第２の発明は認識した音声を合成音声で作成し、子機に
送り返すため、発呼者は正しく認識されたことを確認で
きるという効果を有する。The second invention has the advantage that the recognized voice is created as a synthesized voice and sent back to the handset, so that the calling party can confirm that the voice has been correctly recognized.
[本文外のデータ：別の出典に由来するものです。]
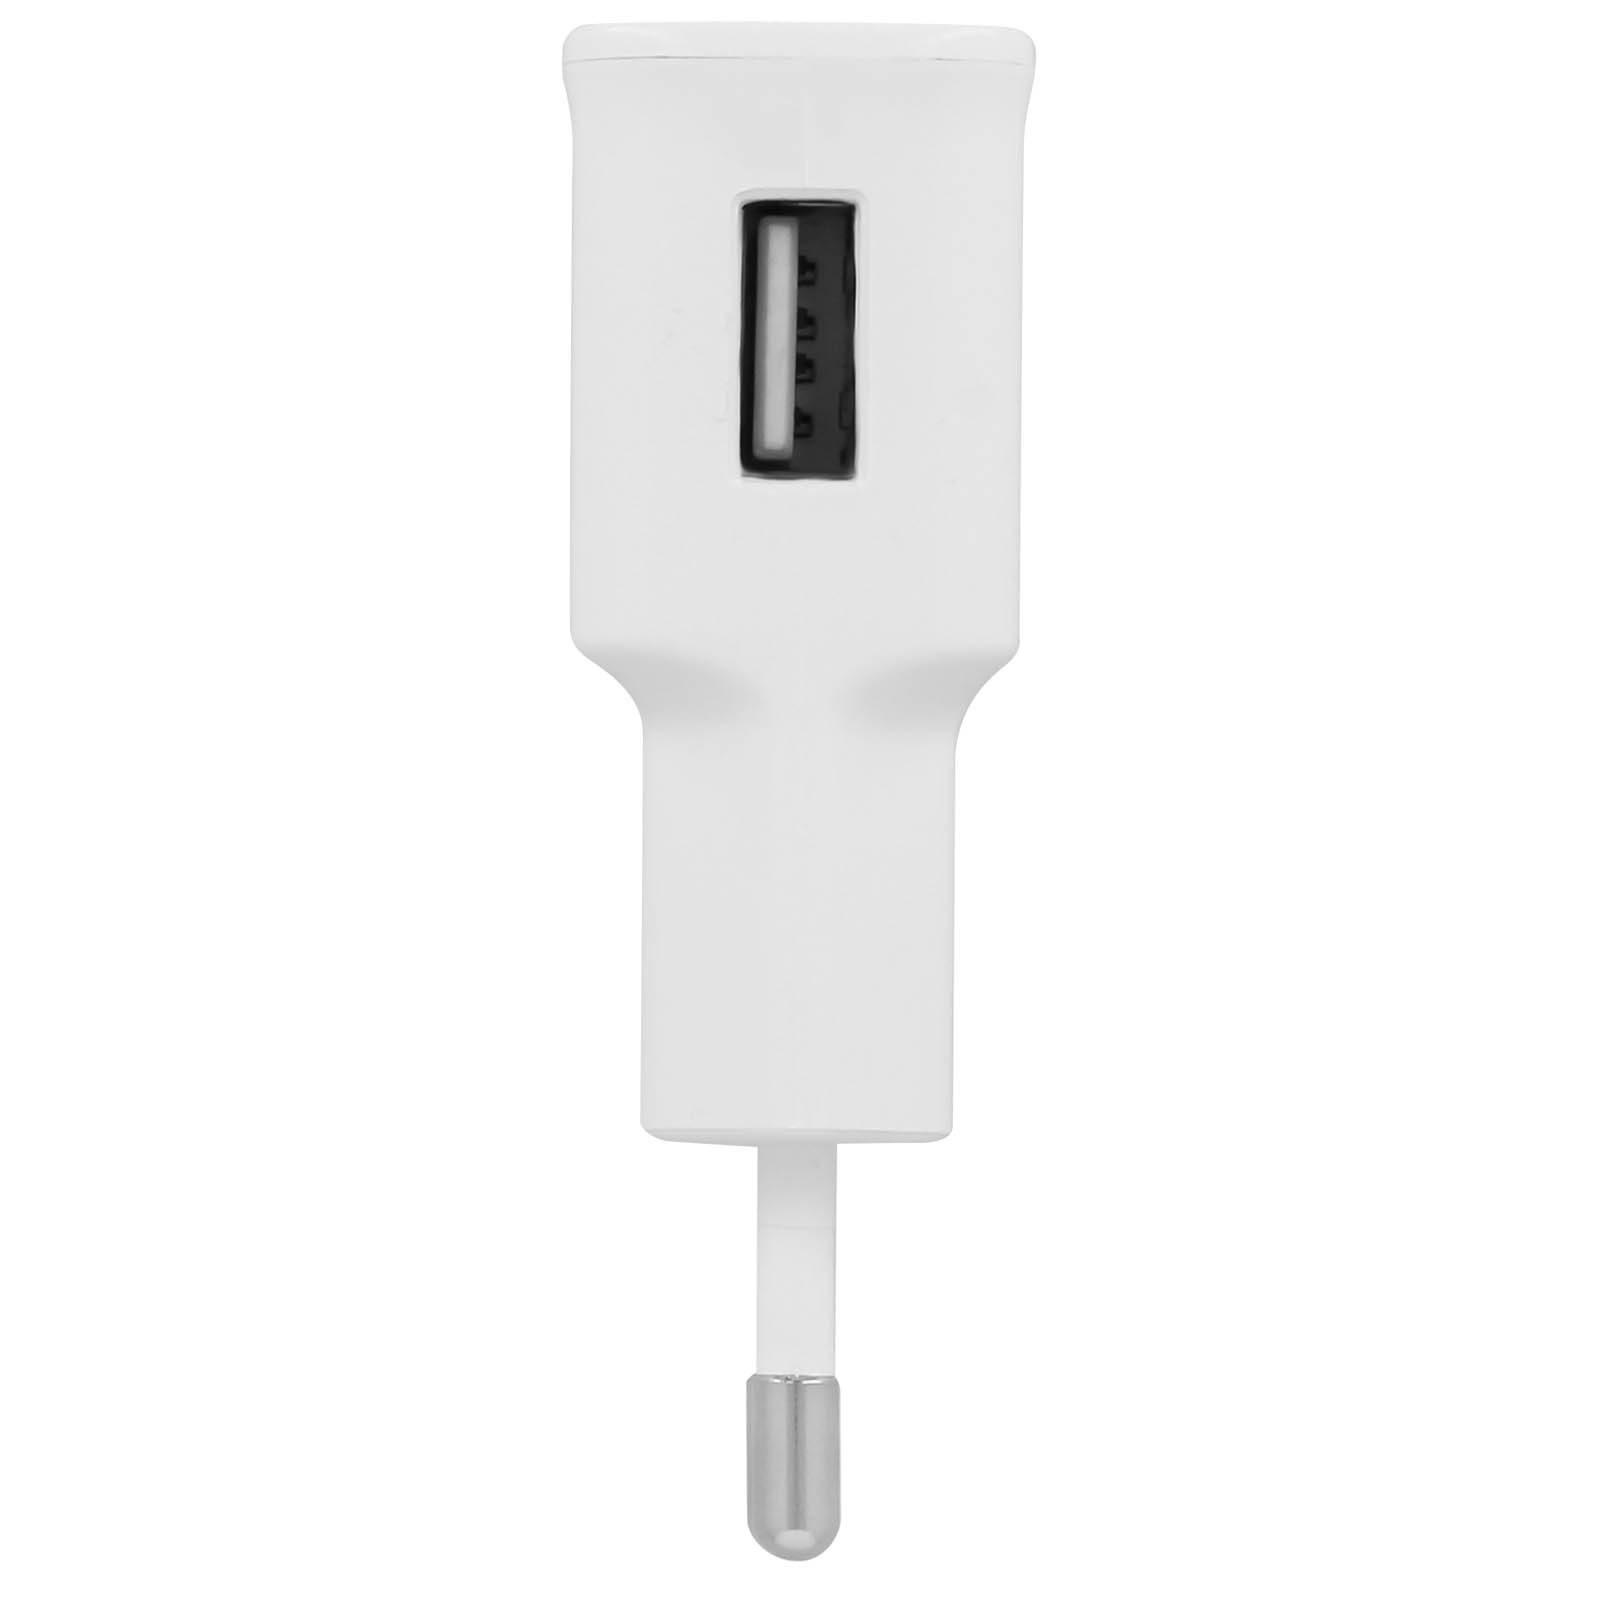 SAMSUNG ETA90 Netzteil, Micro-USB Netzteile Universal, Wand-Ladegerät 2A Weiß

【図面の簡単な説明】[Brief explanation of the drawing]

第１図はこの発明を適用した装置の一実施例を示すブロ
ック図、第２図から第７図は動作を説明するためのフロ
ーチャートである。１・・・・主装置、２・・・・外線、４・・・・子ｔｆ
＆　にｌ’ンを話８’ｌ）　、１４−　・−−ＣＰＵ、
１７・・・・音声合成部、４２・・・・スイッチ、４３
・・・・音声認識プロセッサ、４５制御回路。特許出願人　　株式会社田村電機製作所代　理　人　　
山川数構（ほか２名）第図第図スタートエンド第図第図第図FIG. 1 is a block diagram showing an embodiment of an apparatus to which the present invention is applied, and FIGS. 2 to 7 are flowcharts for explaining the operation. 1...Main device, 2...External line, 4...Sub TF
&8'l), 14- ・---CPU,
17...Speech synthesis section, 42...Switch, 43
...Voice recognition processor, 45 control circuit. Patent applicant Tamura Electric Manufacturing Co., Ltd. Agent
Kazuki Yamakawa (and 2 others) Figure Figure Start End Figure Figure Figure

Claims

【特許請求の範囲】[Claims]

（１）電話機操作に関連した音声を音声認識部で認識し
てこの認識結果に基づいて制御動作を行う音声認識機能
付電話装置において、電話機の状態変化を検出する検出手段と、この検出手段の出力によってスタートするタイマと、このタイマの動作中に音声認識部の同一認識出力が複数
回連続して発生したことを判定する判定手段とを備え、判定手段の出力に基づいて制御動作を行うことを特徴と
する音声認識機能付電話装置。(1) A telephone device with a voice recognition function in which a voice recognition unit recognizes voice related to telephone operation and performs control operations based on the recognition result, a detection means for detecting a change in the state of the telephone; A timer that is started by the output, and a determining means that determines that the same recognition output of the voice recognition unit has occurred multiple times in succession during the operation of this timer, and a control operation is performed based on the output of the determining means. A telephone device with a voice recognition function.

（２）請求項１において、判定手段の出力に基づいて音
声認識部が認識した音声を合成して電話機から放声する
音声合成部を備えてなることを特徴とする音声認識機能
付電話装置。(2) The telephone device with a voice recognition function according to claim 1, further comprising a voice synthesis section which synthesizes the voice recognized by the voice recognition section based on the output of the determination means and outputs the voice from the telephone.